Mwami Kalasa Mukanda-Bantu
Mukanda-Bantu peut être traduit comme suit, « celui qui marche sur ses ennemis »
Le Mwami Mwenda Kalasa Mukanda-Bantu (années de règne : 1891-1910) était le fils de Msiri Roi des Bayeke et de la Mugoli (reine) Mukunto qui était originaire de la Rhodésie/Luapula. Le Mwami Mukanda Bantu, de son nom de naissance Kalasa, avait aussi un frère dénommé Muya-Usonsa. Kalasa naquit au milieu des années 1800, aux alentours de 1851, avant que Msiri ne devienne Mwami au Katanga. Kalasa se donna le nom de Mukanda-Bantu lors de son intronisation le 21 décembre 1891. L’histoire du Mwami Kalasa Mukanda Bantu est inextricablement liée à la tragédie du Munema et des temps difficiles qui s’ensuivirent.
Voici quelques extraits du livre intitulé, « les Bayeke du Garanganze, écrit par le Mwanangwa Célestin Nsamba Malezi, qui décrivent les événements tragiques qui précédèrent et émaillèrent la vie et le règne de Mukanda Bantu.
L’après M’siri
Le jour où M’siri fut tué, les soldats de l’expédition Stairs commirent des exactions, dont les ordres émanaient directement de leurs chefs que l’on disait « chrétiens et civilisés ». Nous rappelons que Bodson, un capitaine membre de l’expédition, venait à peine de tuer M’siri à Munema, avant d’être lui-même tué par Masuka (fils de M’siri). Les soldats de Stairs avaient décapité la tête de M’siri et l’avaient mise sur une palissade au vu de toute la population. C’est sur cette toile de fond que se dessinèrent les événements tumultueux qui précédèrent l’avènement du futur roi des Bayeke.

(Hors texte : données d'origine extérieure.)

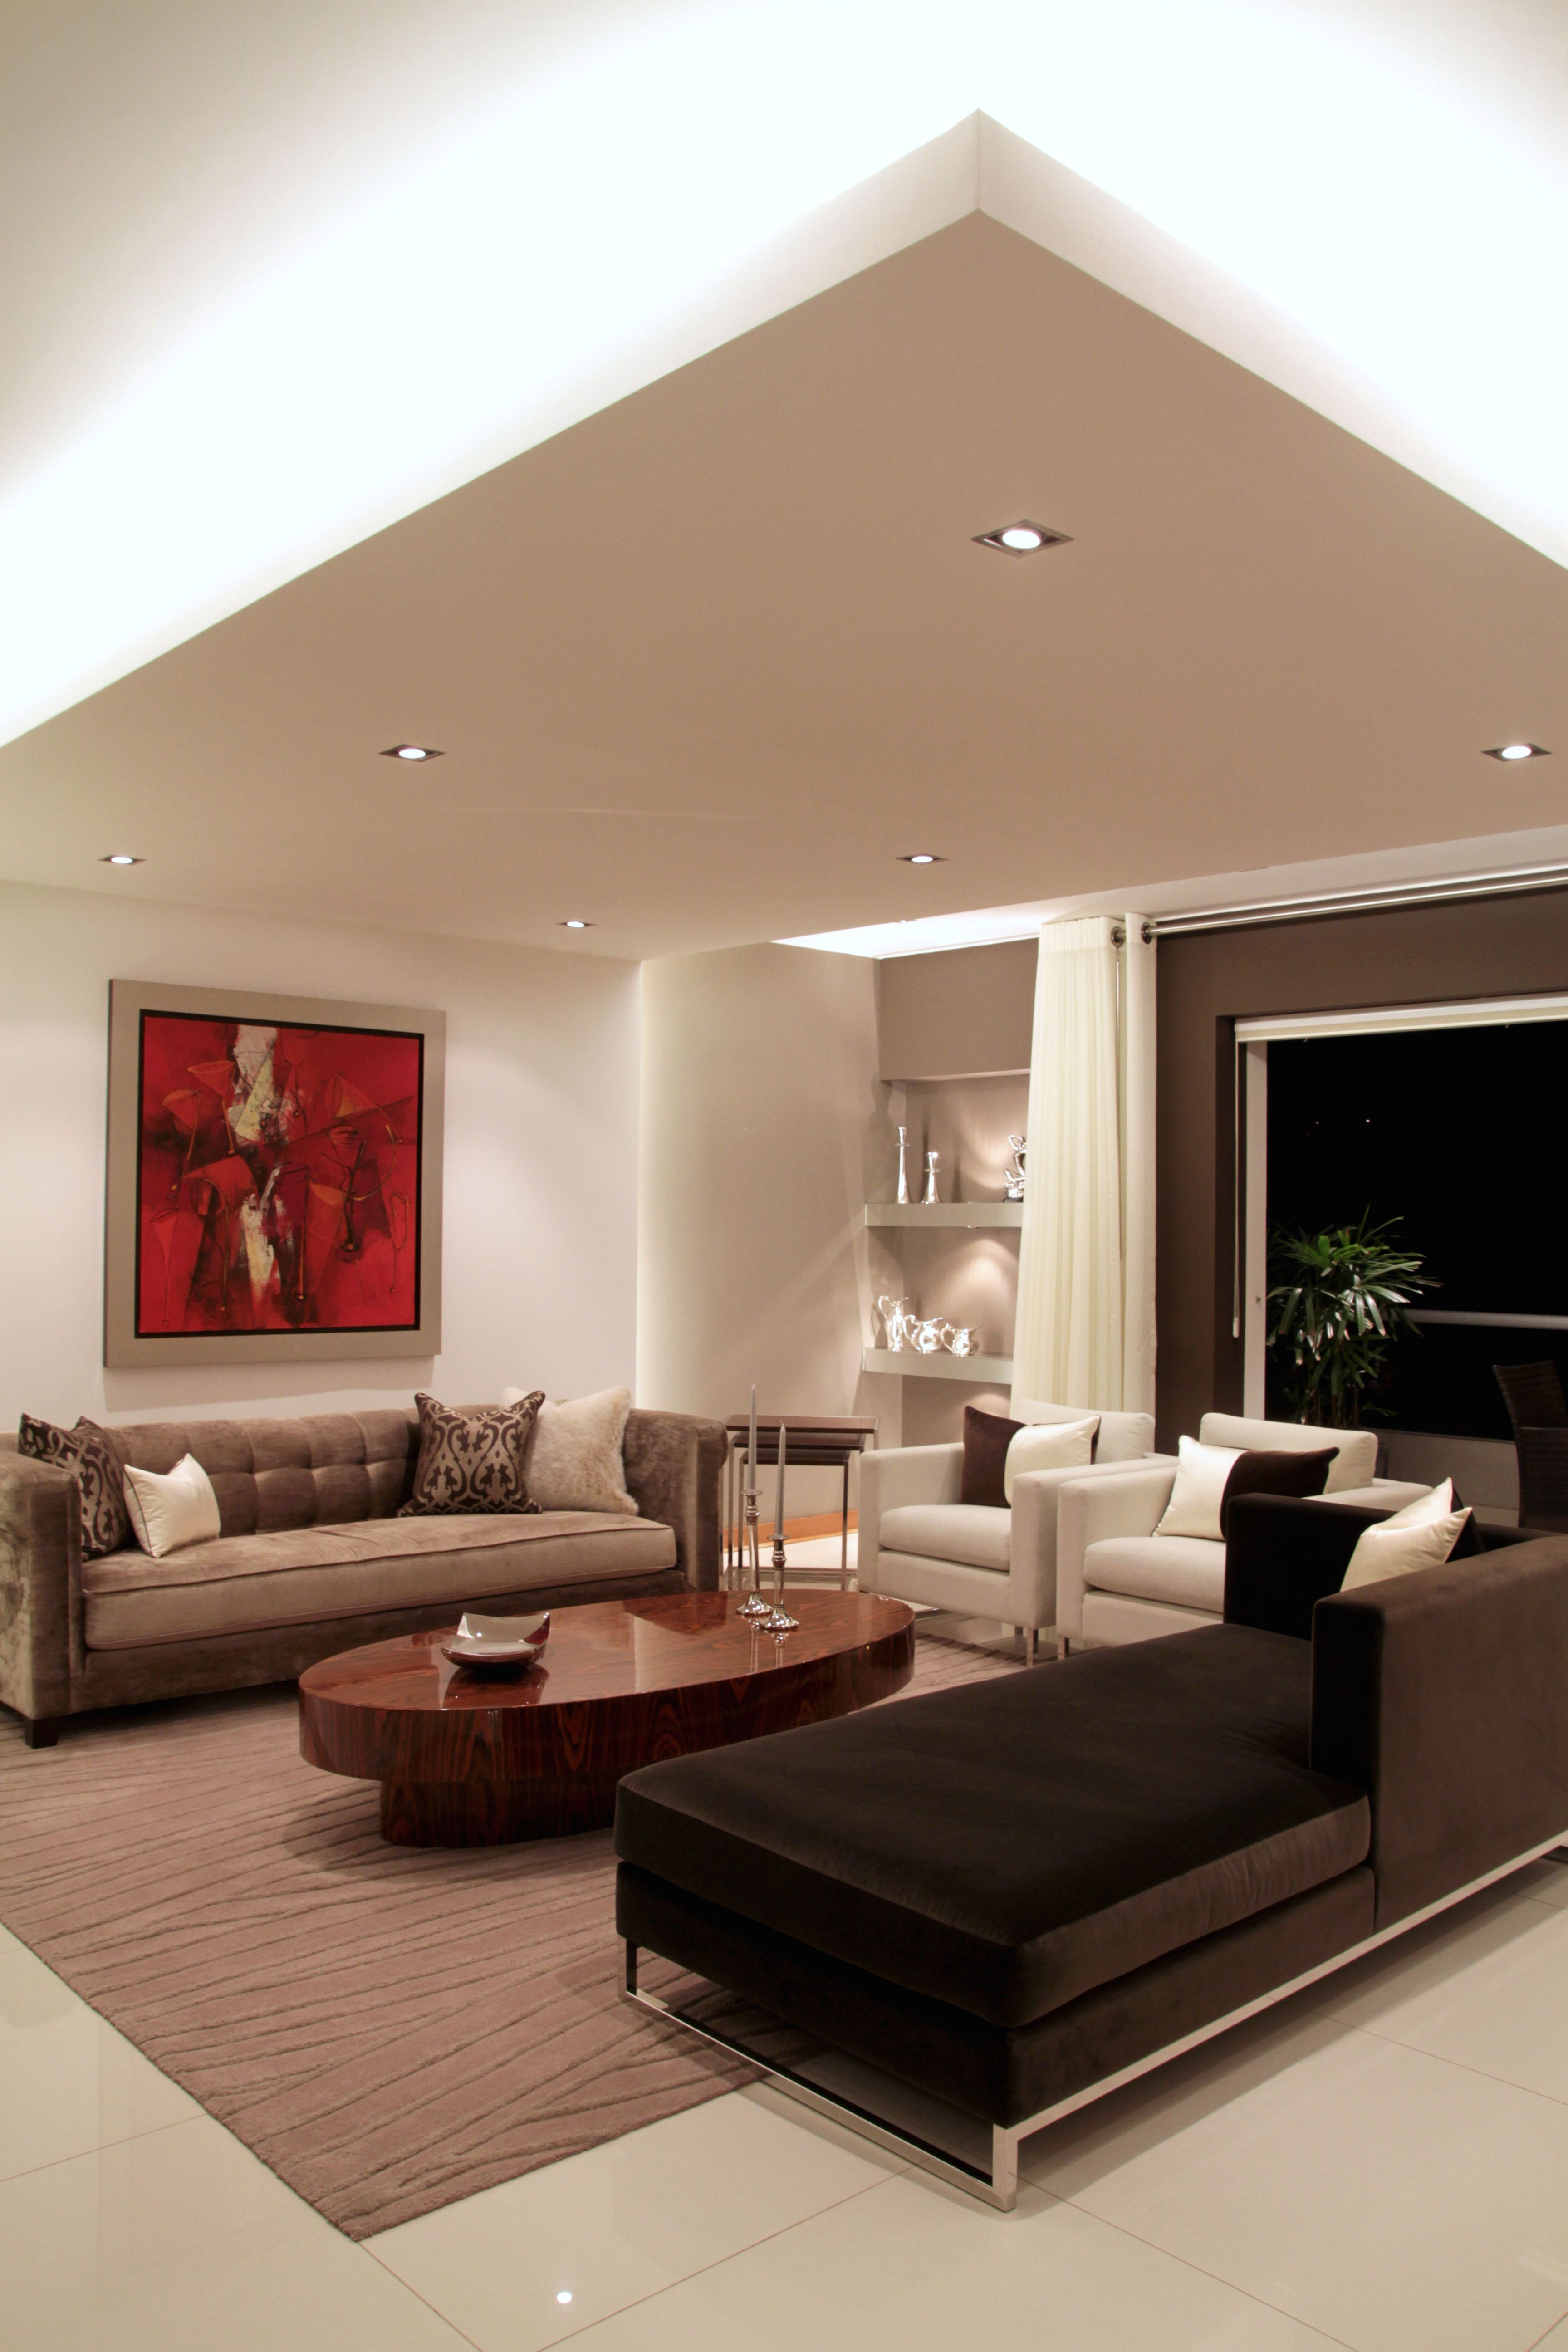 19 spectacular false ceiling design surround sound ideas

Apres la mort de M’siri, les hommes de Stairs pillèrent les entrepôts et les résidences de Nkuru, Kaleba et Munema, épargnant ceux de Kimpata qui restèrent intacts. Stairs démantela même les enceintes de Nkuru pour construire son fort. Il voulait faire disparaitre tout ce qui rappelait le règne de M’siri.
Qui ne pourra jamais décrire l’indignation, puis la peur des braves gens de Bunkeya, ce soir-là ! Un épais silence de mauvais augure s’abattit sur le village : chacun se terrait chez soi. Aucun enfant ne jouait. Seuls les chiens hurlaient à la mort. Les gens étaient dans la désolation la plus profonde : leur « Seba » (père, protecteur) tant aimé n’était plus ! Certains, les plus ébranlés, quittèrent même la capitale pour rentrer dans leurs régions d’origine.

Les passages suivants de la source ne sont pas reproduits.